The SRA also provides a mechanism to sort through the data tables to find the specific data that you are looking for. For example, to download the data from the Tara oceans (warning: this is a lot of data), you would search the SRA for Tara Oceans There are currently 1,455 experiments associated with the Tara oceans. If you click on one of those you can see the runs associated with that experiment. You can download individual runs from the SRA and process them.

If you want to select multiple runs from that search, click on the “send to Run Selector” link in the SRA search results archive. This will show you that the SRA data is quite big:

SRA Size

I told you it was quite a lot of data!

We can also search for other data sets. For example, to find all the USA human microbiome data sets, we can search for HMP. There are 18,405 experiments associated with the HMP in the SRA database!

SRA factsheet

A lot more information about the SRA web interface is given in the SRA fact sheet

Other ways to search SRA

As an alternative to searching through the website, we can also access the data in other ways.

The SRAdb bioconductor R package integrates the ability to download an SQLlite database of the SRA metadata that was created by the Meltzer Lab (where you can also explore the SRA metadata). However, we don’t use R that often, but we can still take advantage of their hard work (thank you!!!). Their GitHub site includes direct links to both the SQLite and MySQL versions of their database.

The uncompressed file is ~23GB, so you can not download it onto the Amazon Machine Image, but this now allows you to perform complex queries on the SRA data.

Once you have downloaded the SQLlite database you can access it with your favorite programming tools. Almost all languages have an SQLlite connector, and there is also the stand alone program called SQLlite that will allow you to search the data.

Before we begin searching, however, you need to understand the relationships between the tables first, and this is not clear from first principles!

You can find a complete list of the attributes for each of the tables in the SRA on our website.

We made a spreadsheet that has the first ~100 entries from the SRA metadata each for all the tables in the database. This shows you the column organization – each tab has the name of the SQL table that you will access – and each sheet has the entities for that table as the column headers. You can download the spreadsheet for Microsoft Excel or Libre Office.

Finding metagenomes in the SRA

We are interested in finding metagenomes in the SRA, but they have a mixture of amplicon sequences and random community metagenomes.

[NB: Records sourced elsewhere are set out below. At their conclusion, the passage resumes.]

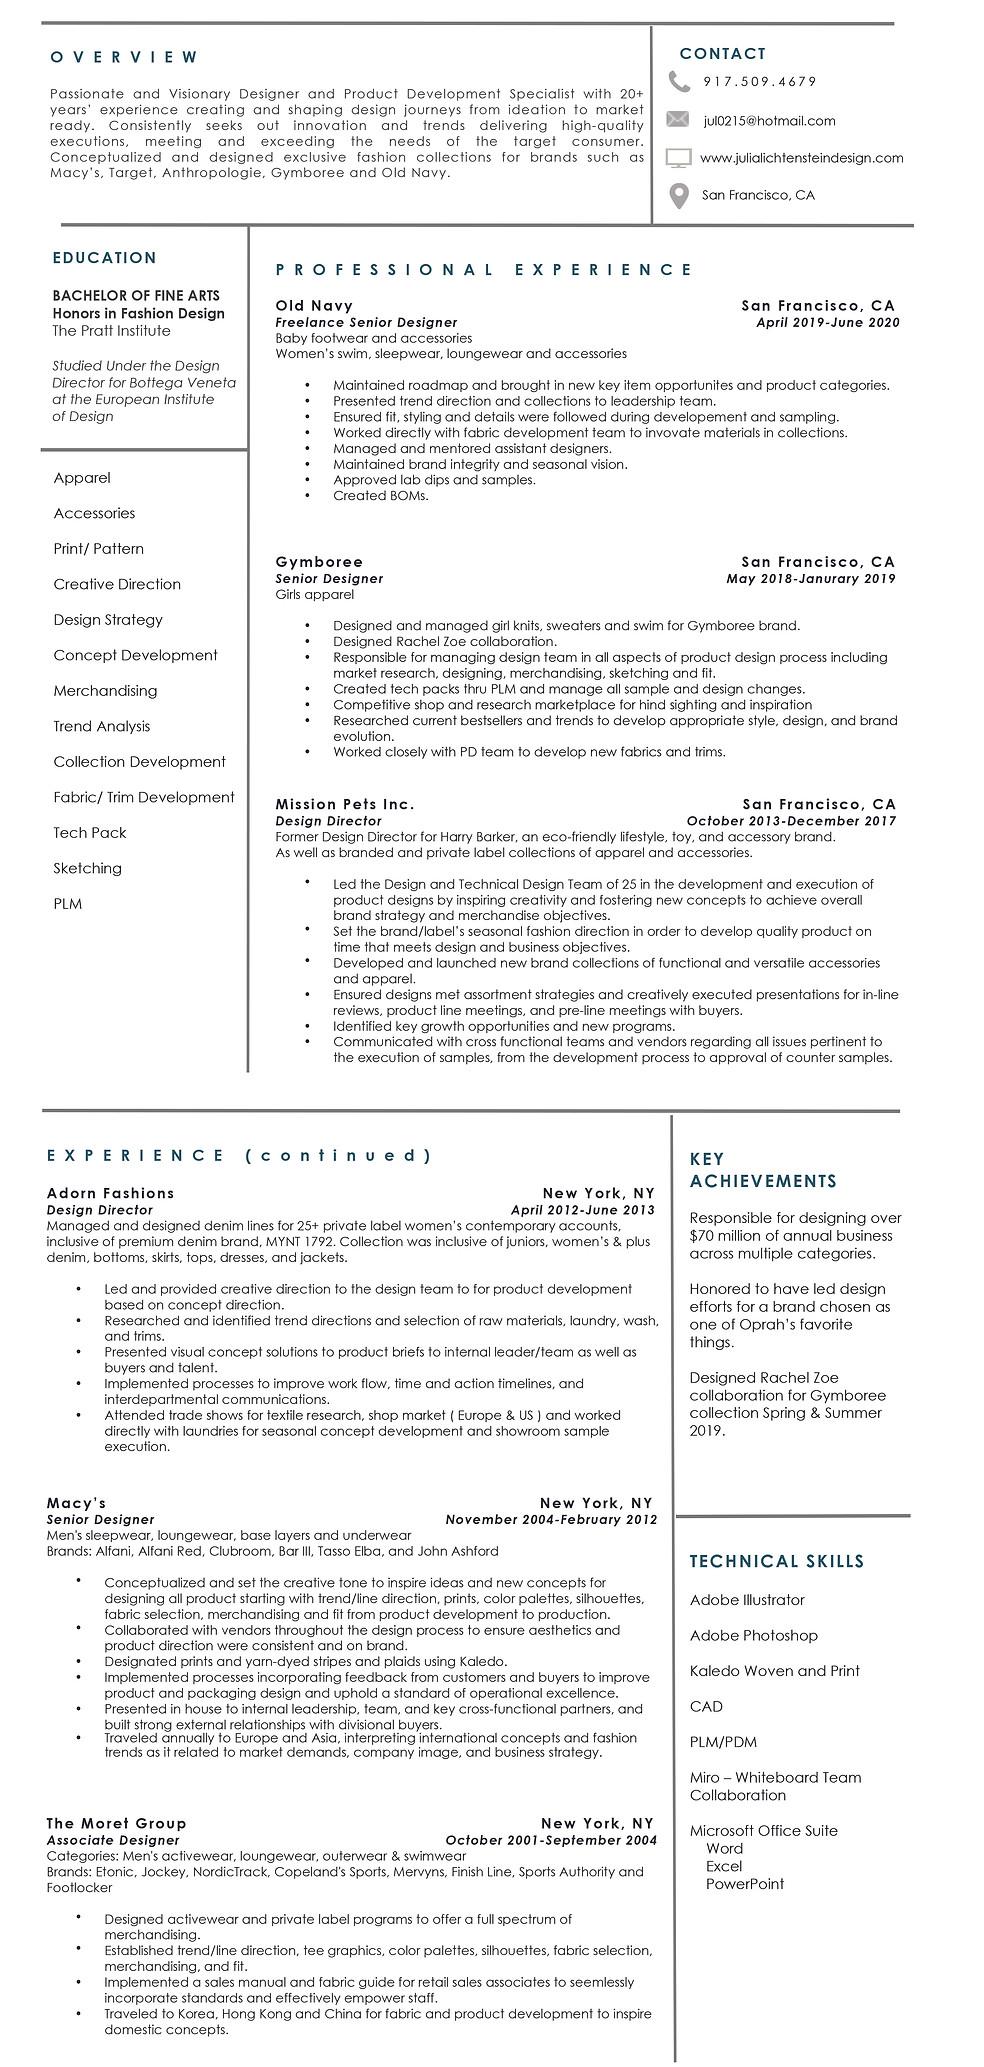 Resume 1-21-01.jpg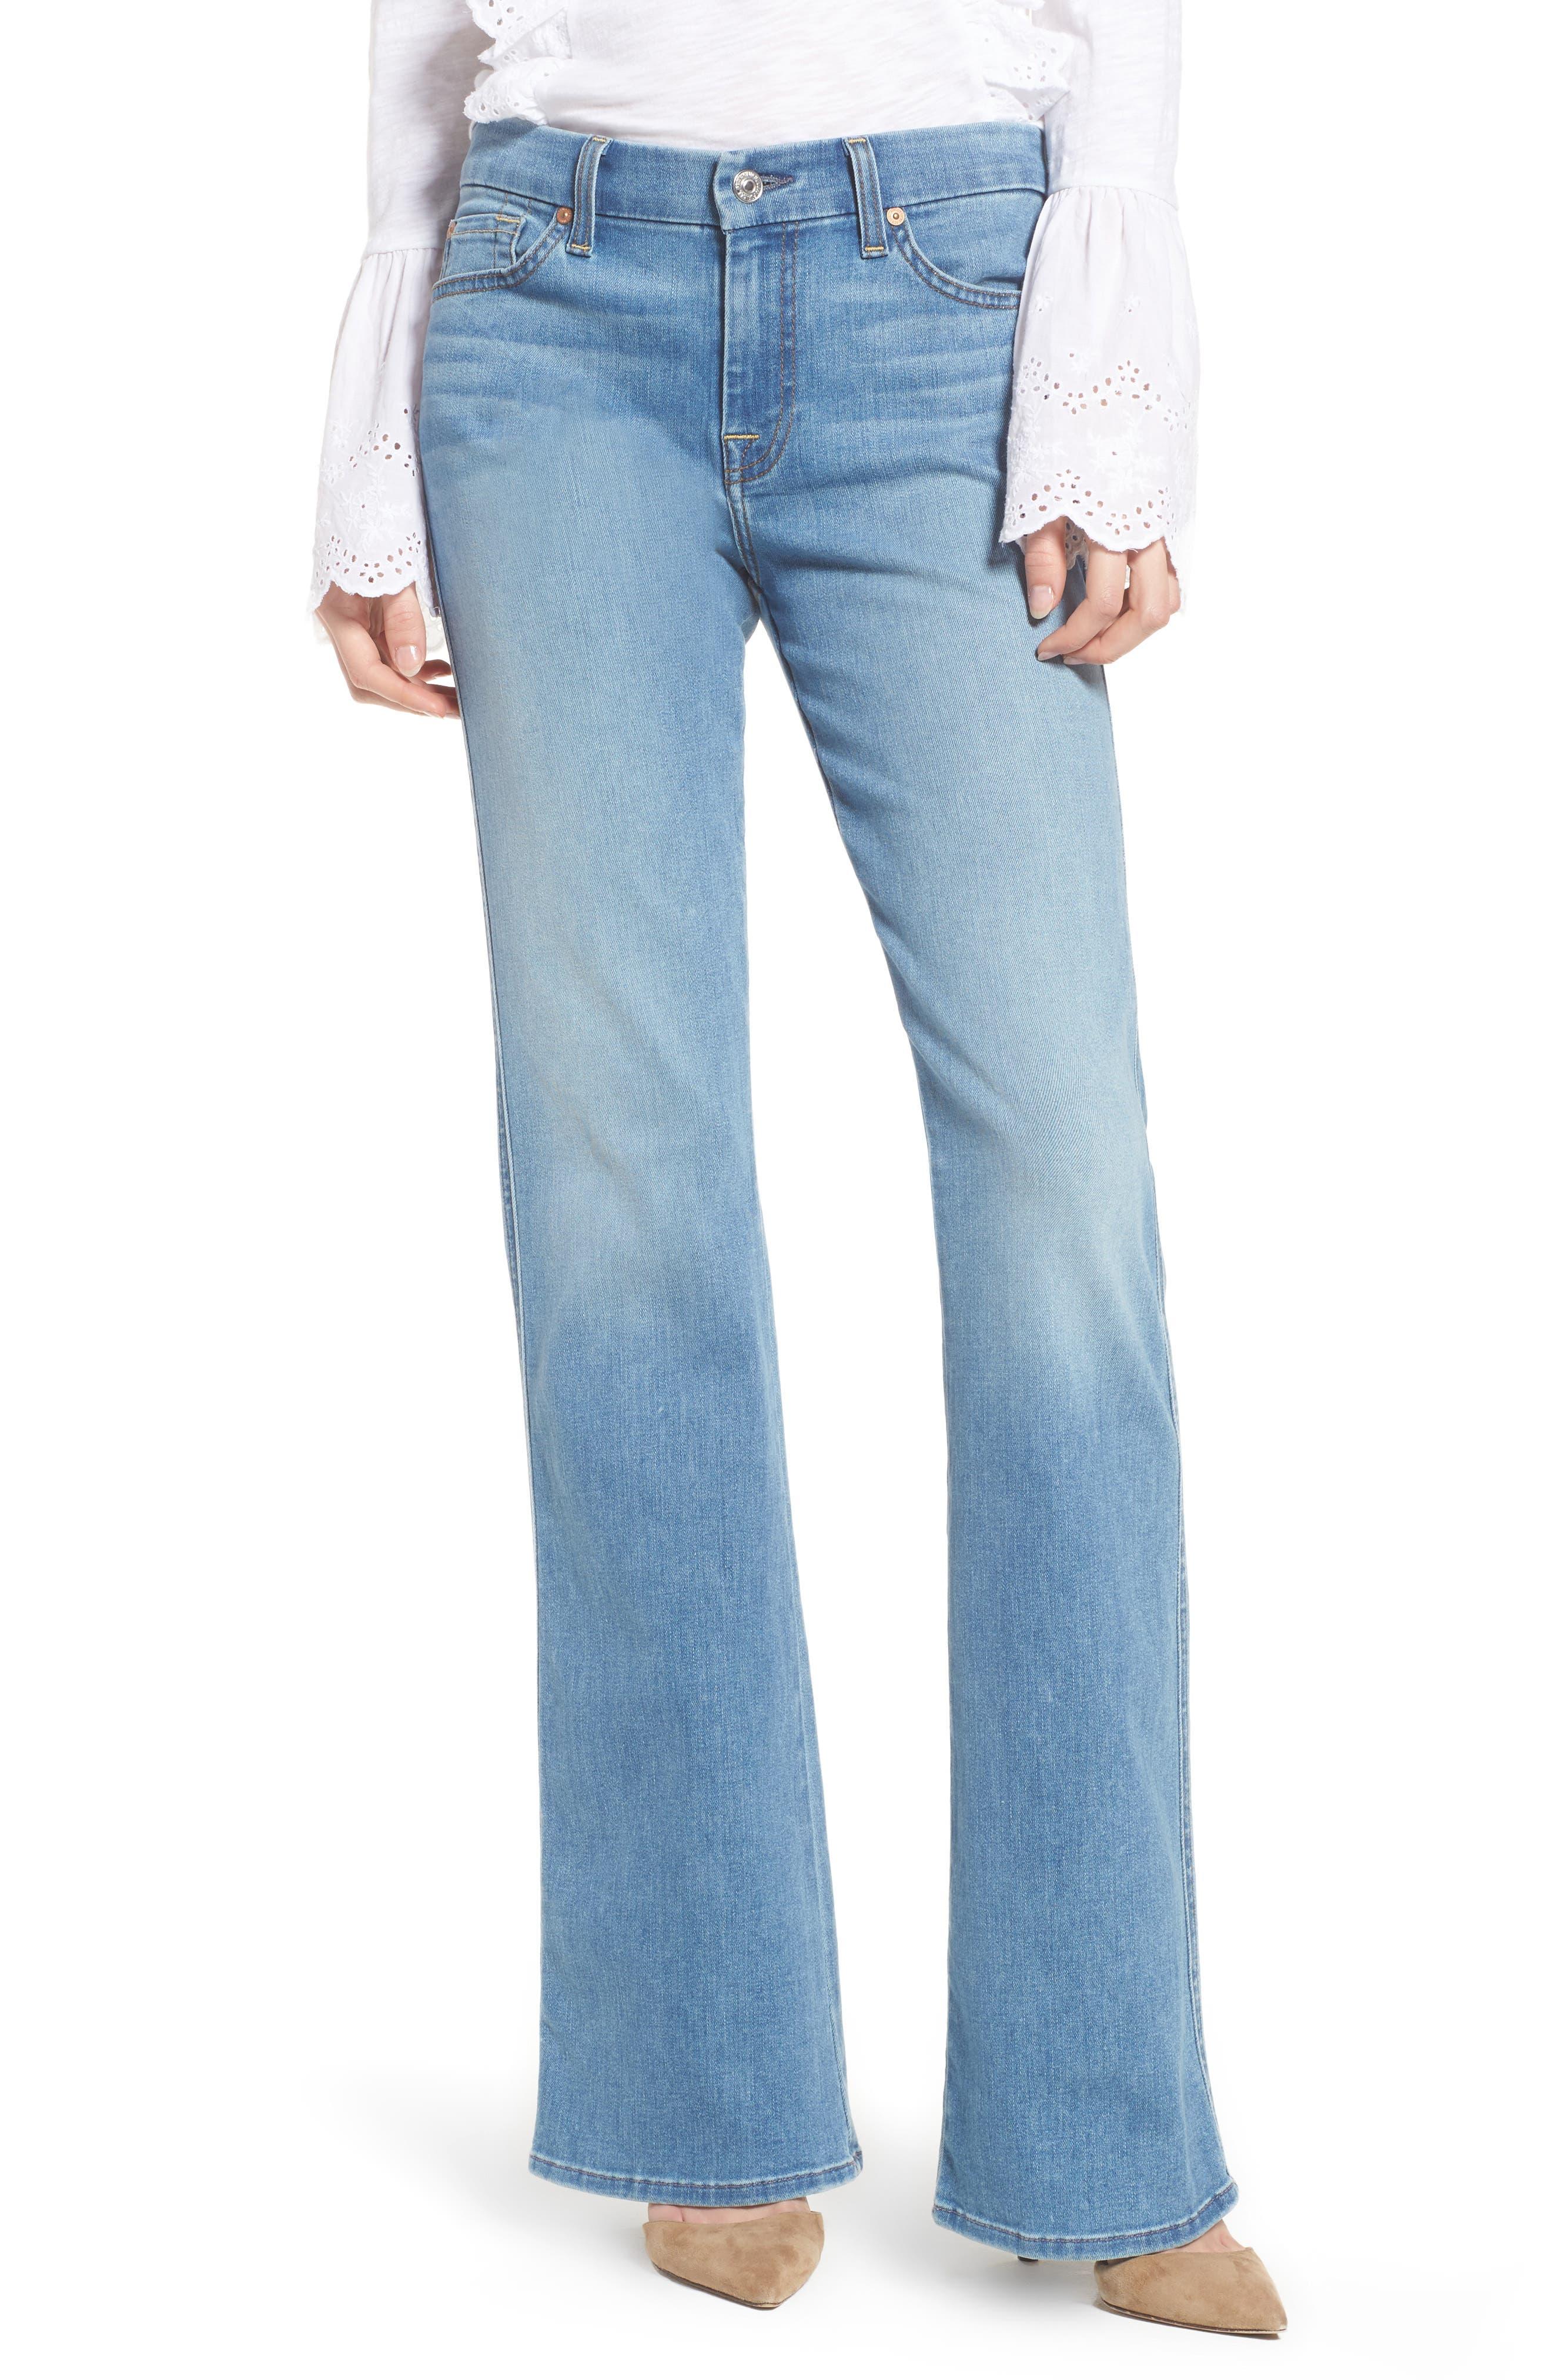 A-Pocket Flare Leg Jeans,                             Main thumbnail 1, color,                             401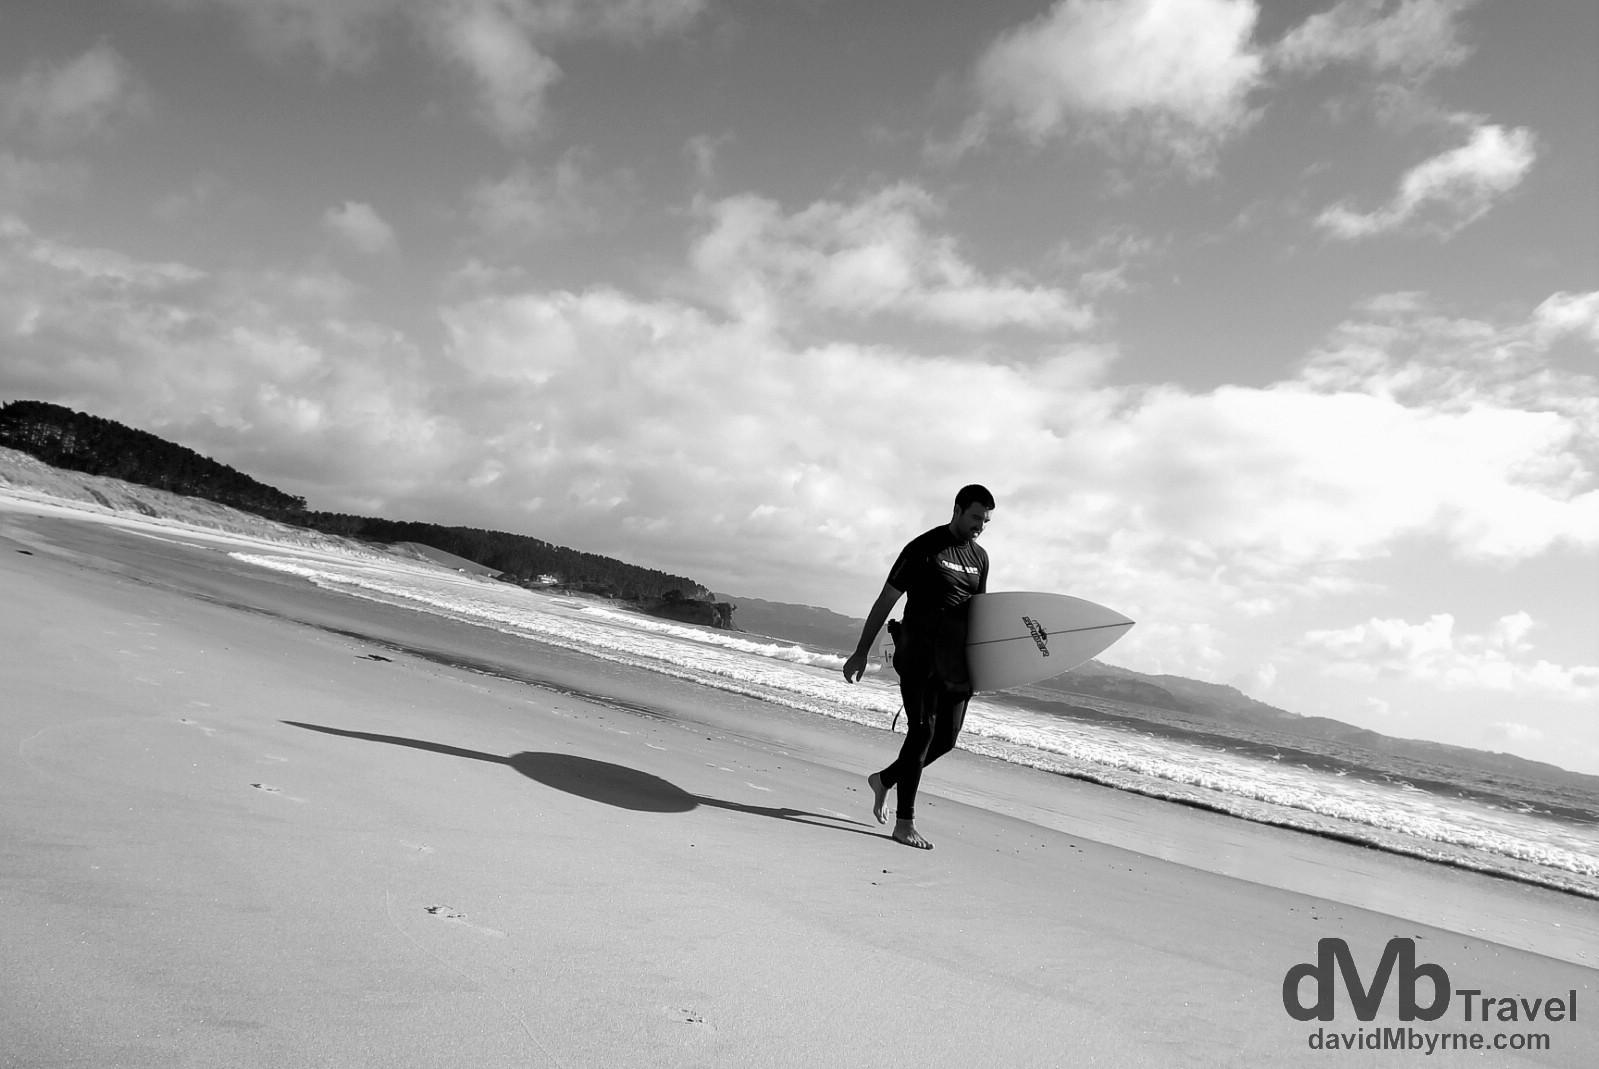 A surfer walking on the beach in Tawharanui Regional Park, North Island, New Zealand. April 28th 2012.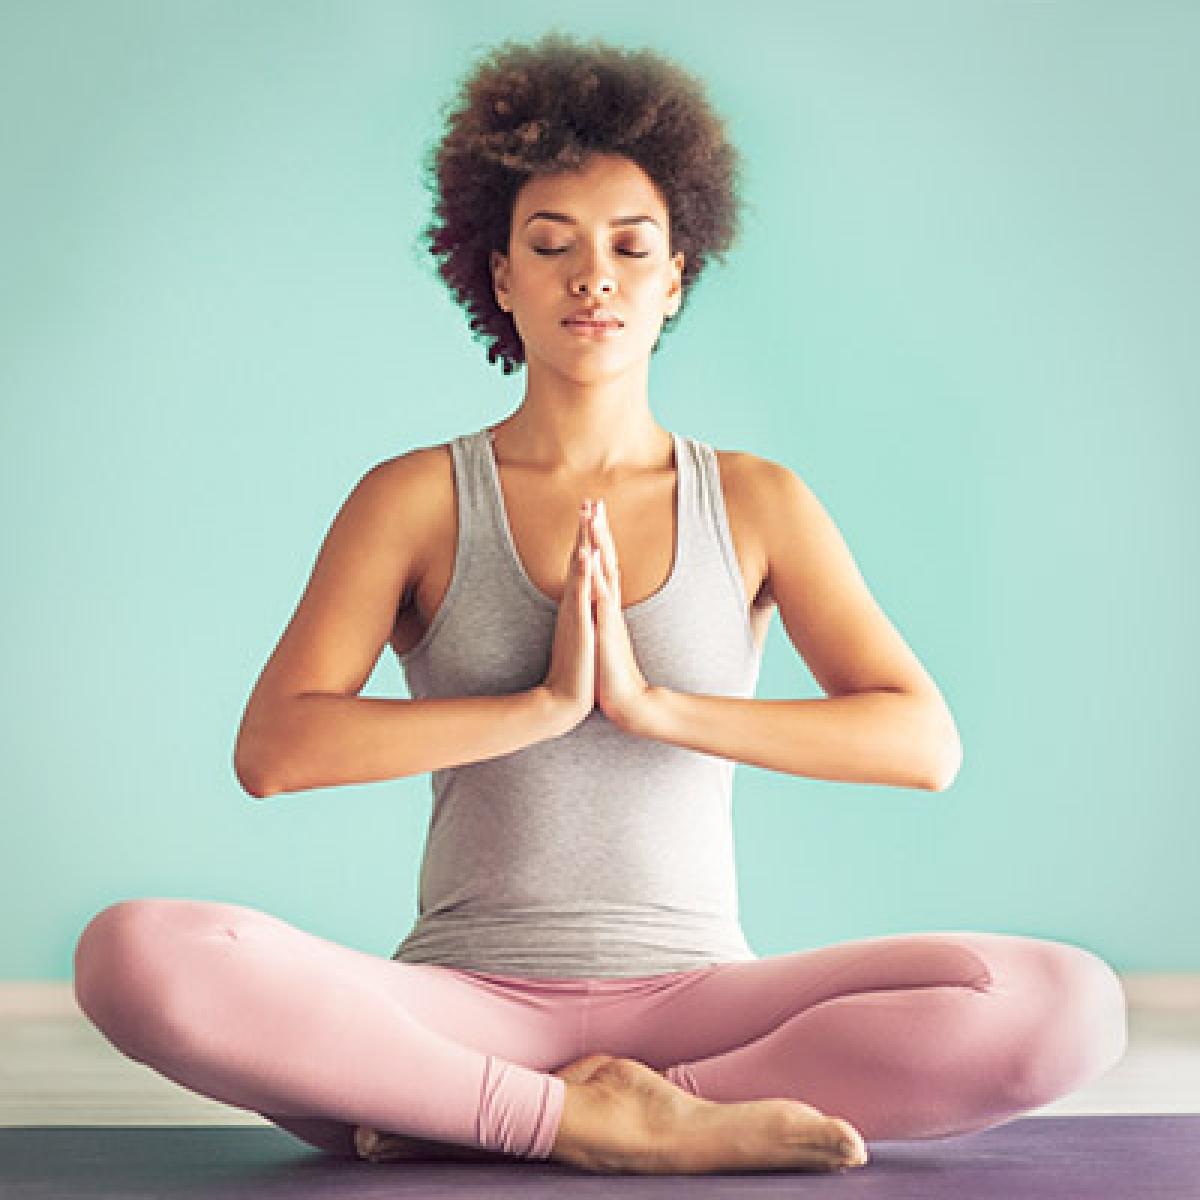 Meditation, sea salt help bring positivity at home

To solve this problem, we wrote the program PARTIE (Torres, Edwards & McNair, 2017). We started by collecting all the potential metagenomes, including amplicon sequencing data sets, random metagenomes, and everything else that suggested it might be a metagenome. Then we built a computer-based classifier using machine learning. We trained the machine learning algorithm about what is, and is not, a metagenome, by using a list where we had manually curated them. We measured how many unique k-mers there were (see the section on k-mers elsewhere), how many hits to a 16S library, hits to phages and viruses, hits to all bacteria. Uses these measures we can quickly and accurately determine whether something is a metagenome or not.

You can download the latest list of metagenomes from our Git repository for this project and it is on your AWS images in /usr/local/genome/partie. As noted below we have also helped make this more accessible.

There is one key file that you should look at: SRA_Metagenome_Types.txt has only two columns: the SRA ID and whether it is an ampicon or WGS or Other sequence.

Here is a way to search the SRA and limit it to just metagenomes:

First, search for what you are looking for on the SRA website. Lets search for groundwater samples: Groundwater Metagenomes in SRA

Note that when I did this search there were 2,599 runs that mention groundwater, but none of them have “source: metagenomic” as shown on the right hand side.

Add those runs to the run selector, by clicking on the “Send results to the run selector” link in the box. Next, click to download the accession list in the link:

Download metagenomes

Don’t download the data – it is 4.11 terabytes!

Now, we can merge this list with the list of WGS metagenomes from PARTIE. Lets move that SRR_Acc_List.txt that you just downloaded onto your remote server using one of the Data Transfer Methods.

Now we can use grep, awk, and other unix commands to find things that are in one file, the other file, or what we want, which is both:

grep WGS /usr/local/genome/partie/SRA_Metagenome_Types.txt | cut -f 1 | cat - SRR_Acc_List.txt | sort | uniq -c | sort -nr | less

The first column is the number of times something appears. So things that being with “2” are in both the SRA_Metagenome_Types.txt file listed as WGS and in the ground water accession list.

We can take this even further and get just the IDs that we are interested in:

grep WGS /usr/local/genome/partie/SRA_Metagenome_Types.txt | cut -f 1 | cat - SRR_Acc_List.txt | sort | uniq -c | sort -nr | awk '/^[[:space:]]+2/ {print $2}'

These are datasets in the SRA that come from groundwater and are metagenomes, even though none of them are classified as metagenomes!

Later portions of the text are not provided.